## TASK TO COMPLETE
Only the records, exactly as written, belong in the answer; pictures do not.

Items from a dataset
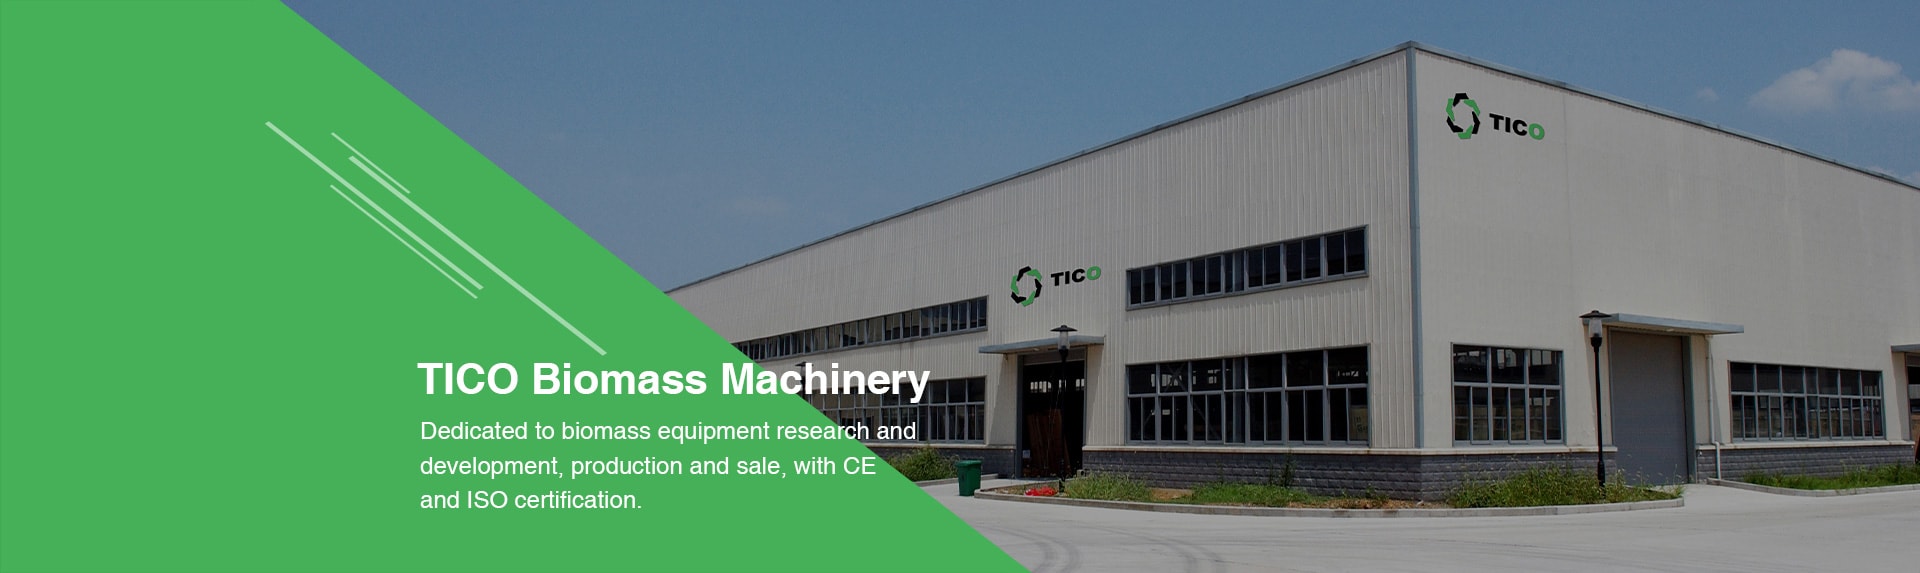 professional biomass machinery manufacture
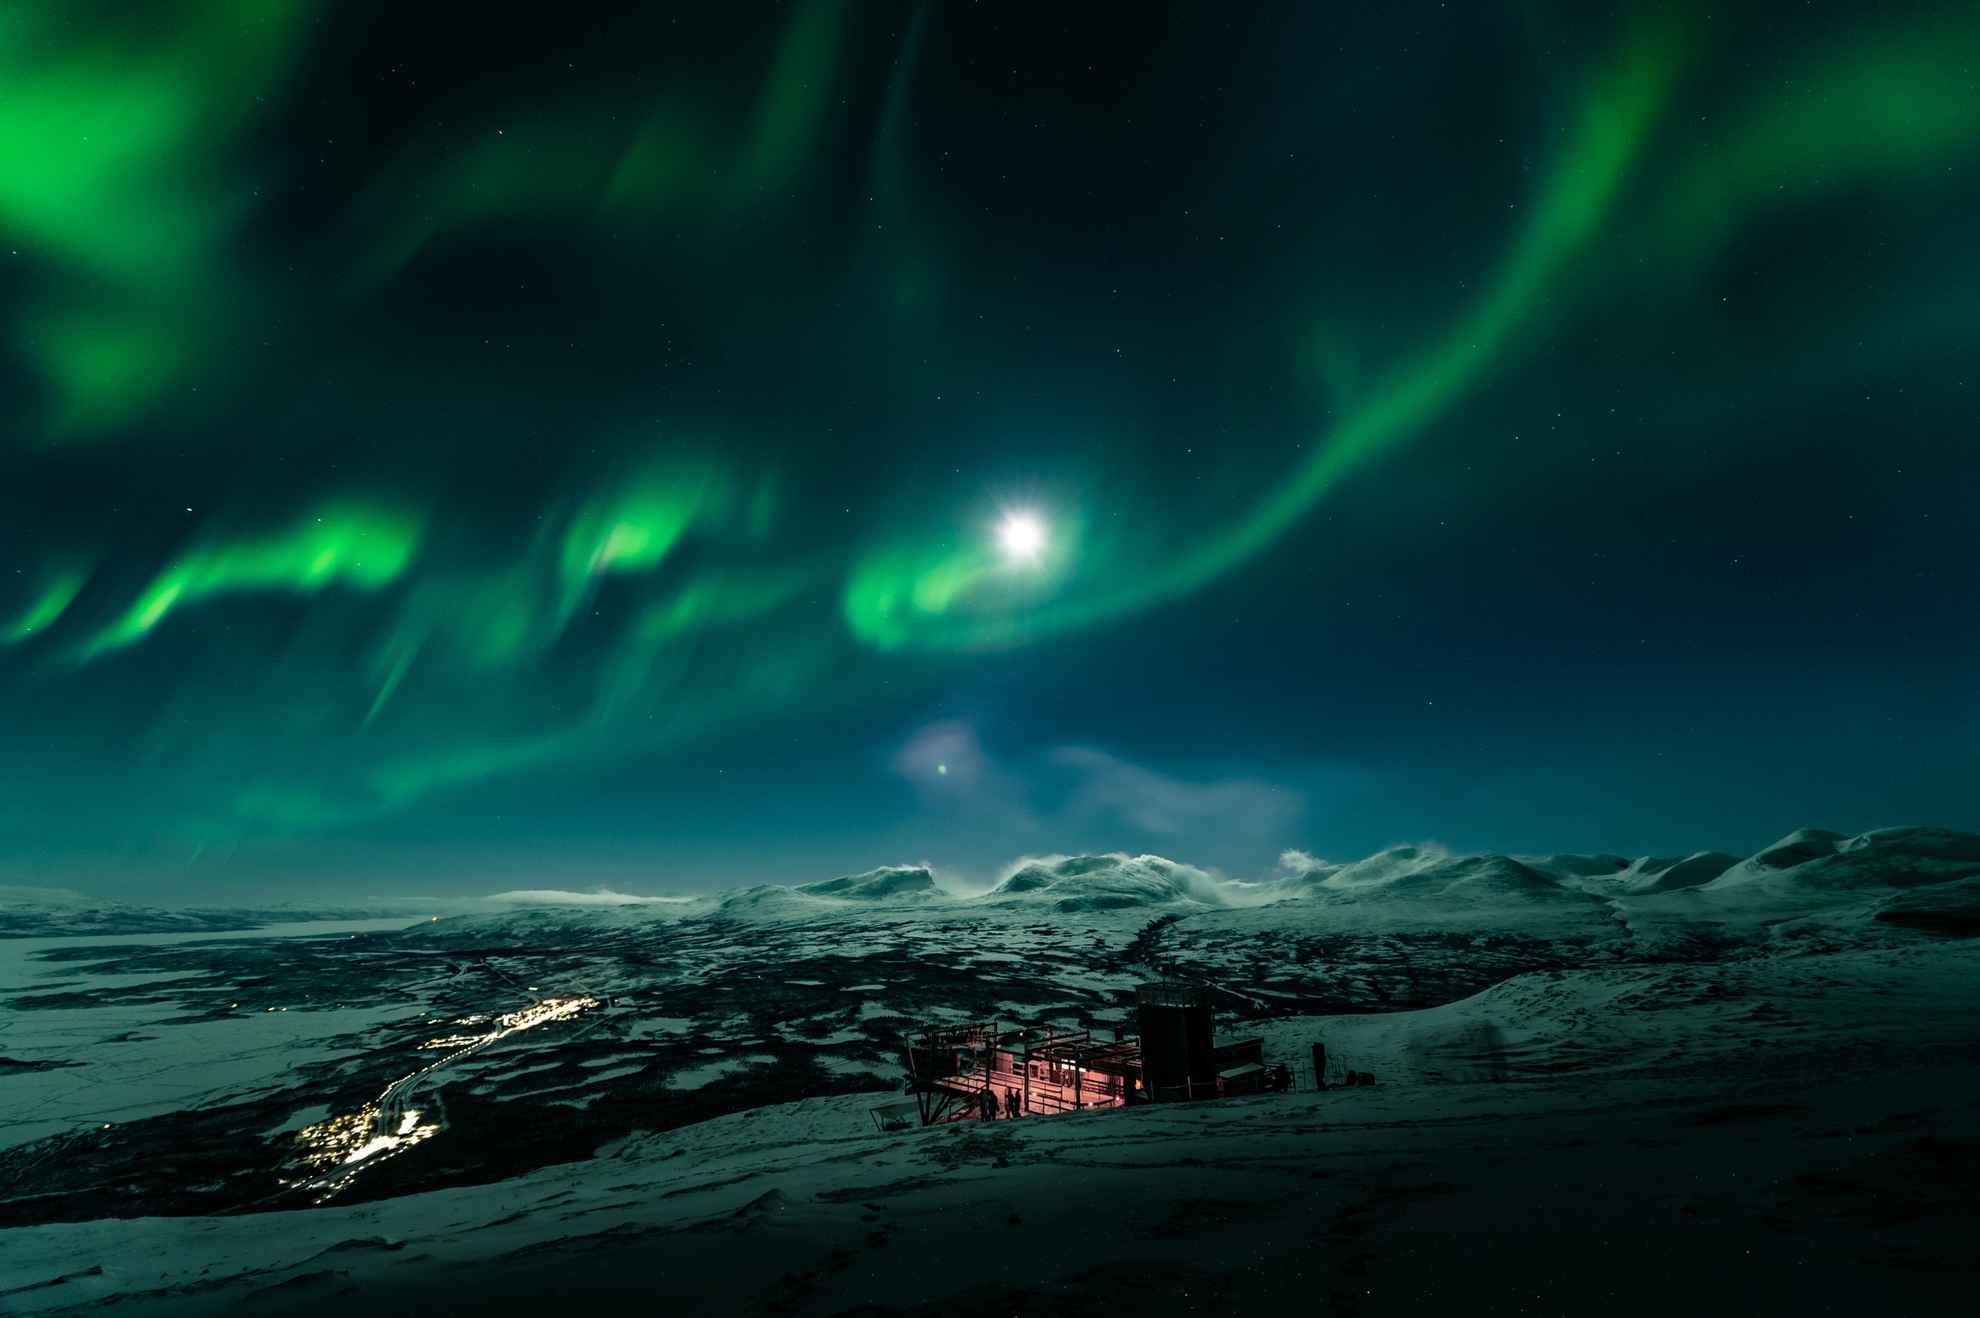 Nordlichter tanzen am Himmel über der Aurora Sky Station auf dem Berg Nuolja in Abisko, Schwedisch Lappland.
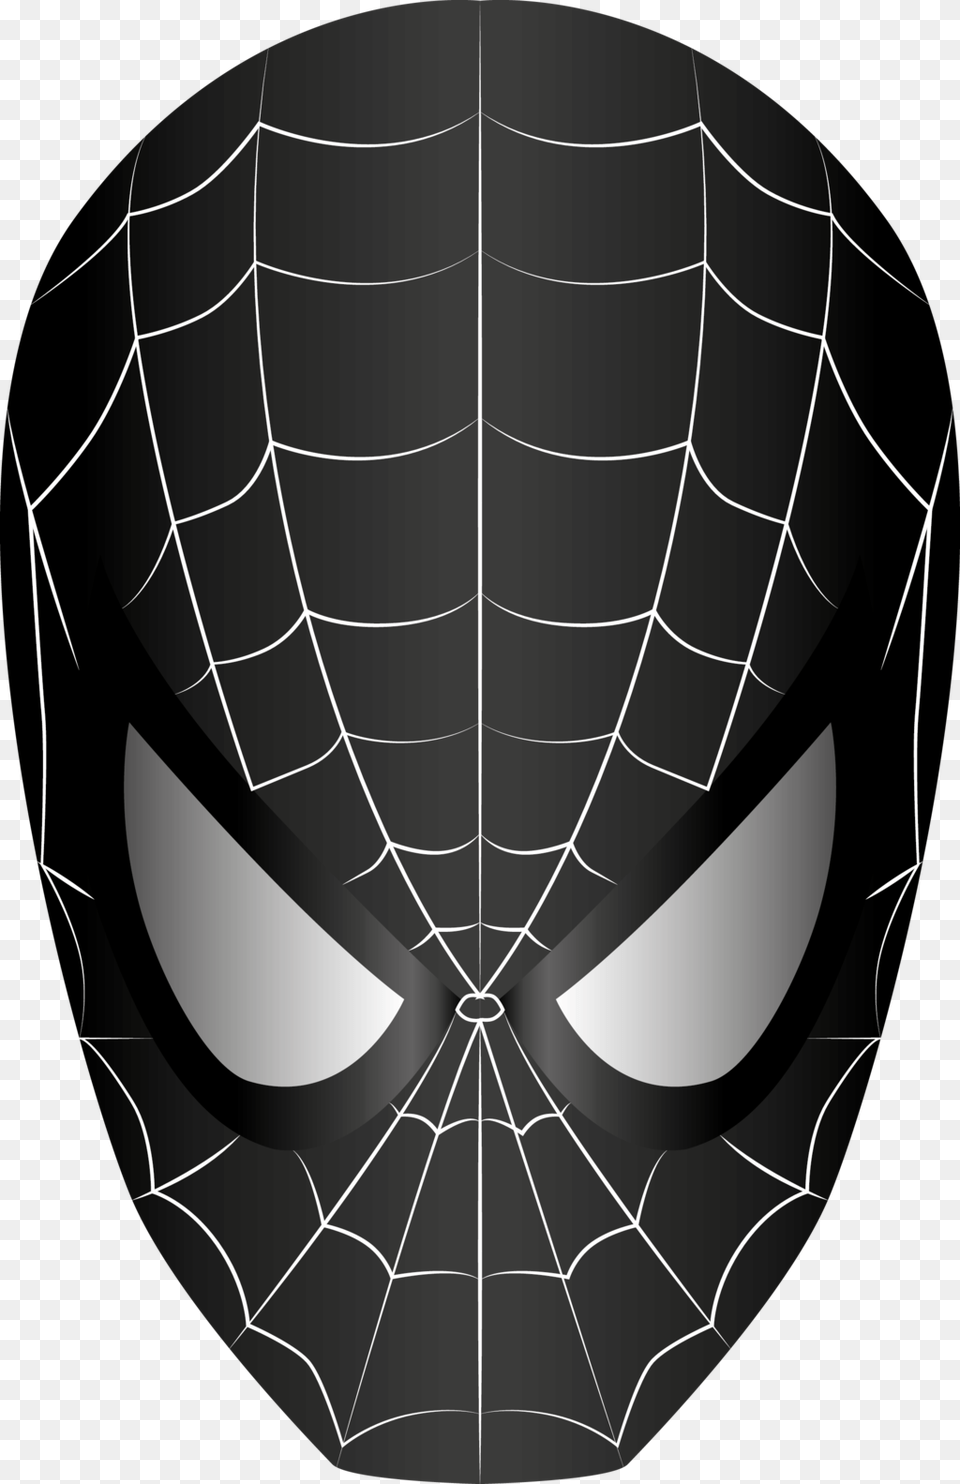 Black Spiderman Mask Clipart Spider Man Black Mask, Spider Web Free Transparent Png
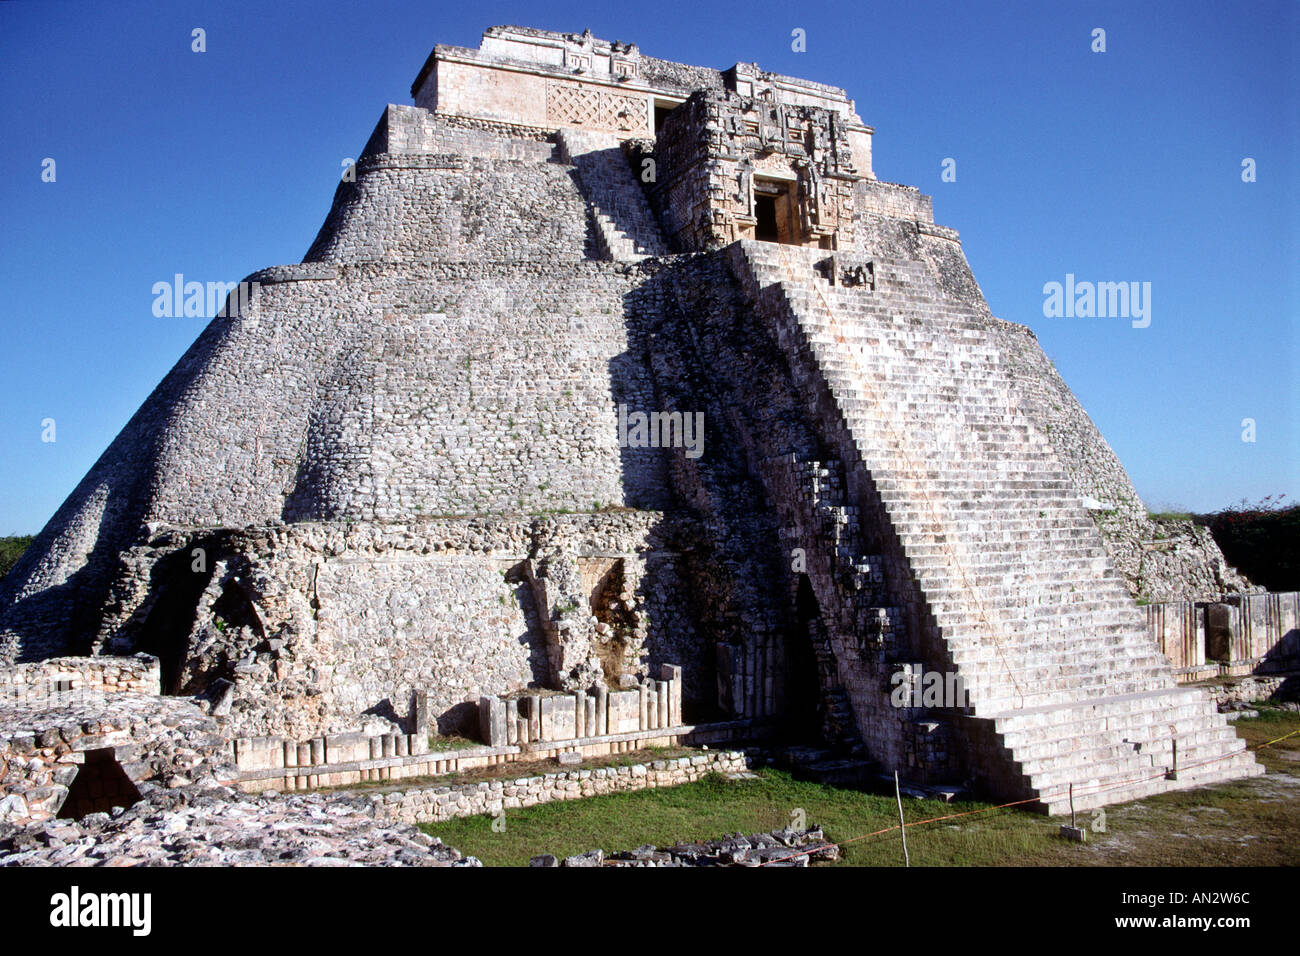 La pyramide du magicien, une partie de l'Uxmal maya au Mexique" l'état du Yucatan. Banque D'Images
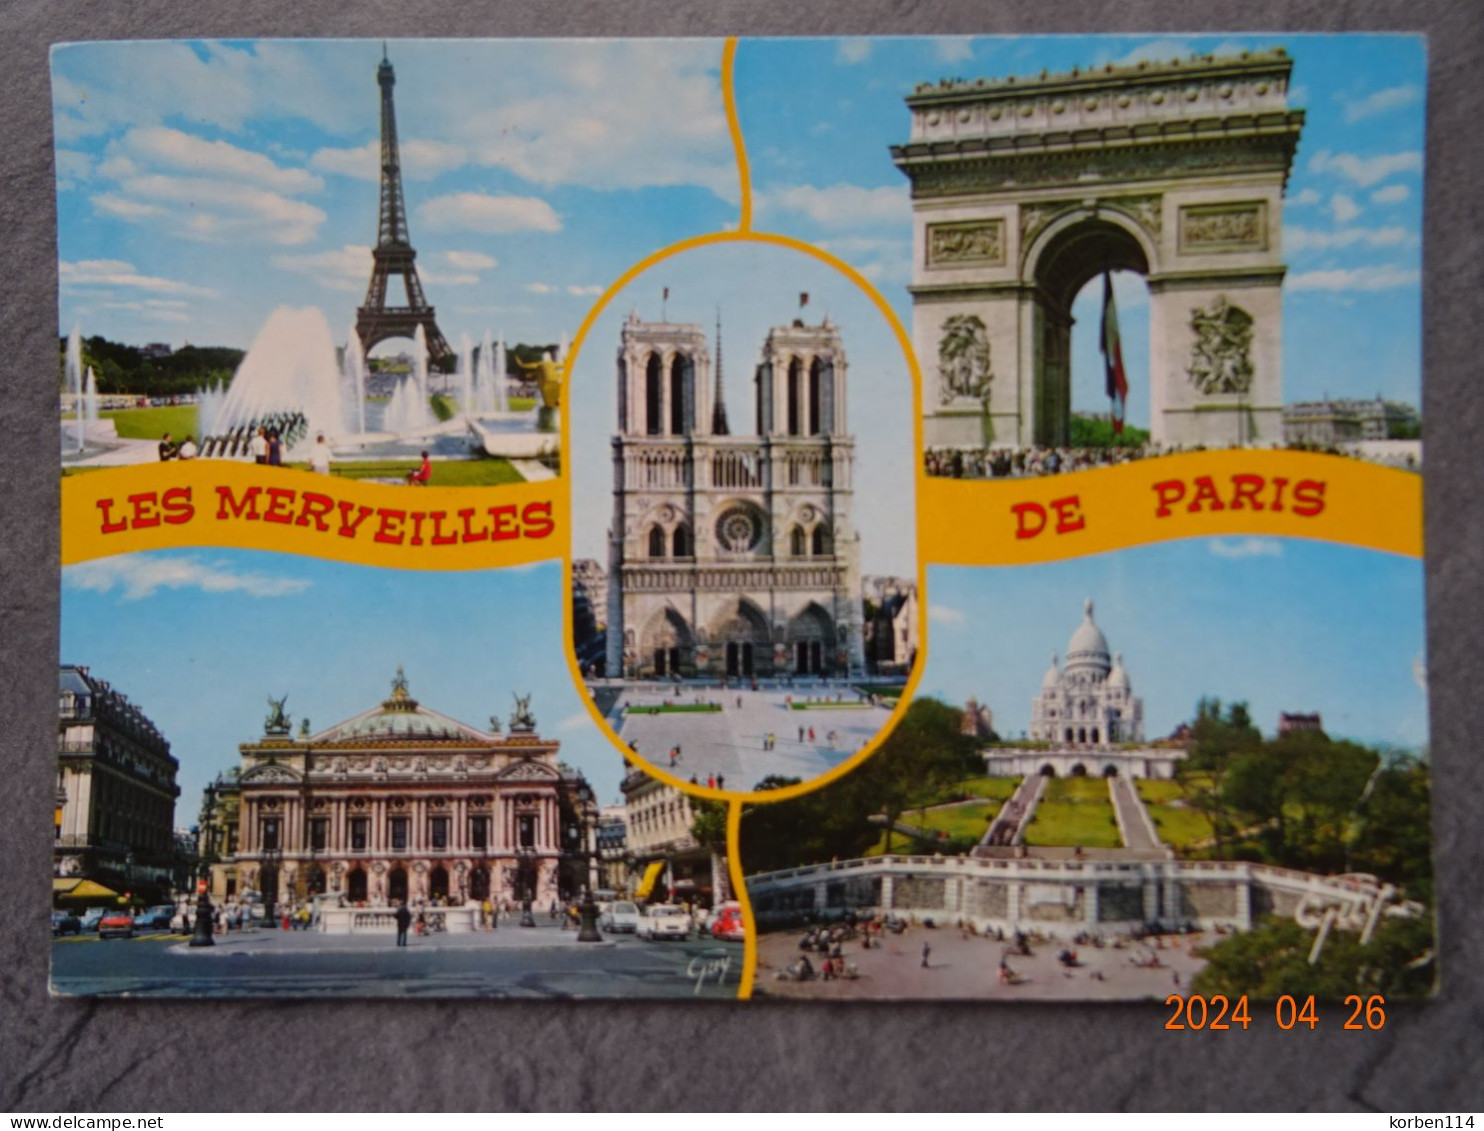 LES MERVEILLES DE PARIS - Sonstige Sehenswürdigkeiten

## EXERCISE RESULT
 professional biomass machinery manufacture
 Nordlichter tanzen am Himmel über der Aurora Sky Station auf dem Berg Nuolja in Abisko, Schwedisch Lappland.
 Black Spiderman Mask Clipart Spider Man Black Mask, Spider Web Free Transparent Png
 La pyramide du magicien, une partie de l'Uxmal maya au Mexique" l'état du Yucatan. Banque D'Images
 LES MERVEILLES DE PARIS - Sonstige Sehenswürdigkeiten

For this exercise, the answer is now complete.